Zheng Cotton Futures Again Broke Out With The Potential Of Breaking Loose.
Experienced a short-term concussion.
Zheng cotton
Futures broke out again with the trend of breaking the risk. At CF1701 a.m. on June 29th, the daily limit reached 14670 yuan / ton, compared with the closing price of 13430 yuan / ton last Friday, which has risen 1240 yuan / ton.
Since Zheng cotton rose sharply in April,
Cotton price
Whether we can break 14000 yuan / ton has become the focus of everyone's discussion, and the 14000 yuan / ton was easily broken. Many of them began to see 16000 yuan / ton, and even rumors of 18000 yuan / ton were no longer just a joke.
Many of them were in a carnival, and there was a lot of money left behind. The competition for capital was fierce.
The first is spot price.
Reserve cotton
Transaction prices are rising with futures.
Some traders raised the price of Xinjiang cotton for 300-400 yuan within a few days, and the 3128B class cotton price was about 13500-13600 yuan / ton.
National storage cotton can be slightly cheaper, but since June 24th, the average paction price and turnover rate have been rising, and the average price in June 27th and 28th has increased by 206 yuan / ton and 341 yuan / ton respectively, and the turnover rate has recovered to more than 99.7%.
This shows that the sharp rise in futures has affected the spot market and the reserve cotton market. Under the spread of panic, people will buy up or not, and will increase their willingness to stockpile goods.

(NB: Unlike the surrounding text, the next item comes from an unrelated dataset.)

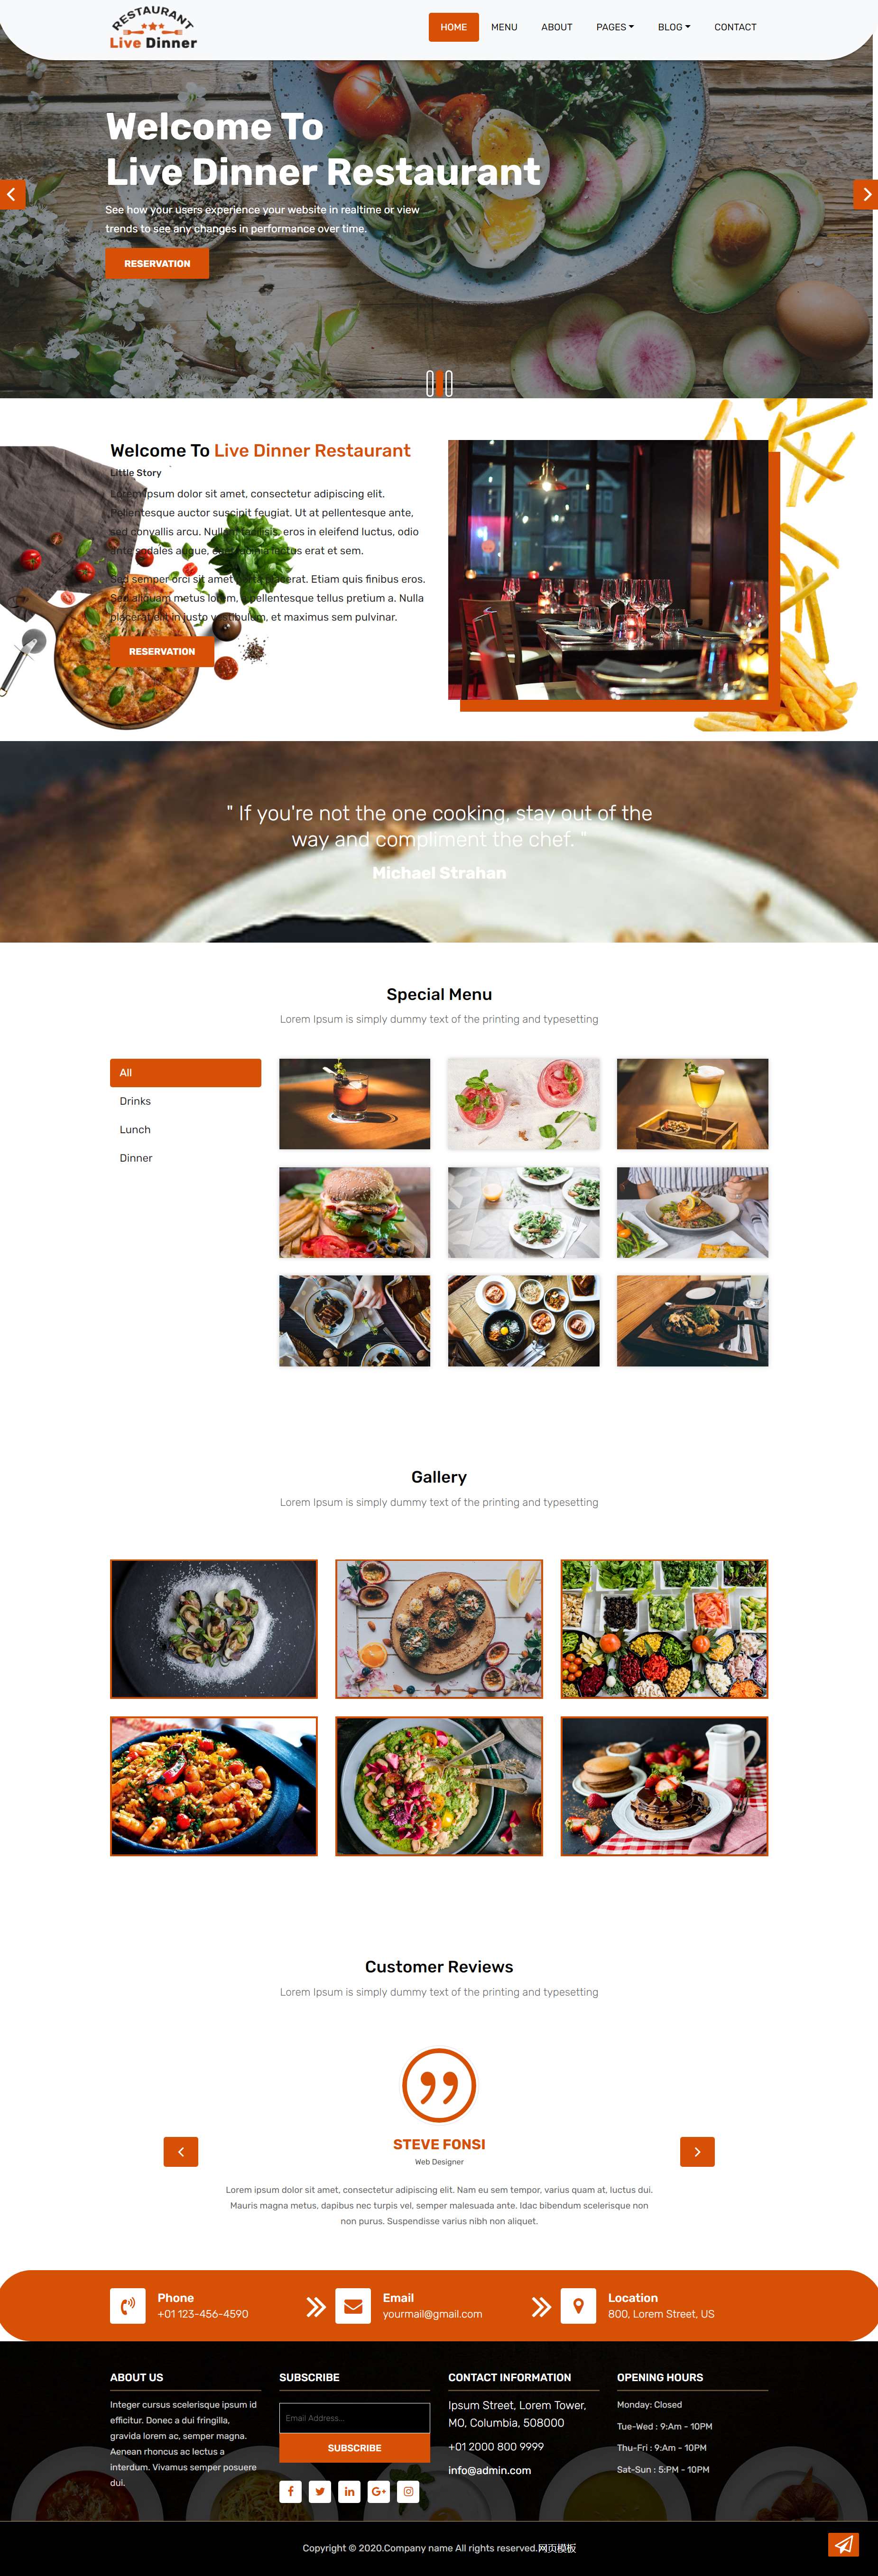 红色简洁形式pc+wap美食餐厅菜单网页模板代码

Next, the tight balance between supply and demand is facing another break.
The amount of new cotton has been bottomed out, and the remaining cotton is likely to choose to keep the warehouse receipt.
In the past few weeks, reserve cotton has only 30 thousand tonnes of reserves per Monday, and the minimum reserves for other times are only 18 thousand tons.
There is still 3 months to go before the new flower listing in late September.
Third, the downstream market is not warm.
The import of yarn decreased this year, which made the consumption of domestic yarn increased, and the order of cotton mill was better.
5, 6, and July are the traditional off-season, which is late in the off-season this year, but the market is gradually fading after the end of May.
The inventory increases, sales volume is sluggish, and the order of the cotton mill is also reduced. In this case, the downstream is more sensitive to the price, and the yarn price does not have a substantial increase.
There is still a profit for spinning enterprises with a certain stock of raw materials. However, with the increase of cotton prices, the spinning enterprises that have bought with them have already suffered some losses or have made ends meet.
The rise of Zheng cotton is a cause for concern. With the growth of the national cotton reserves and the expected reduction in international cotton production, the fund has taken a lot of money to push up the price, while the spot and futures prices are rising each other, making the bull market continue.
The sharp fluctuations in raw material prices will undoubtedly not benefit the operation of physical enterprises. The result is not only the failure of spinning enterprises to bear high cotton prices, but also the return of some imported yarn to the Chinese market.
Therefore, many textile enterprises appeal to the national cotton mills to increase as soon as possible. They believe that in the current situation, the domestic cotton increment is the best way for the industry to re balance the supply and demand of raw materials and keep the cotton at a reasonable level.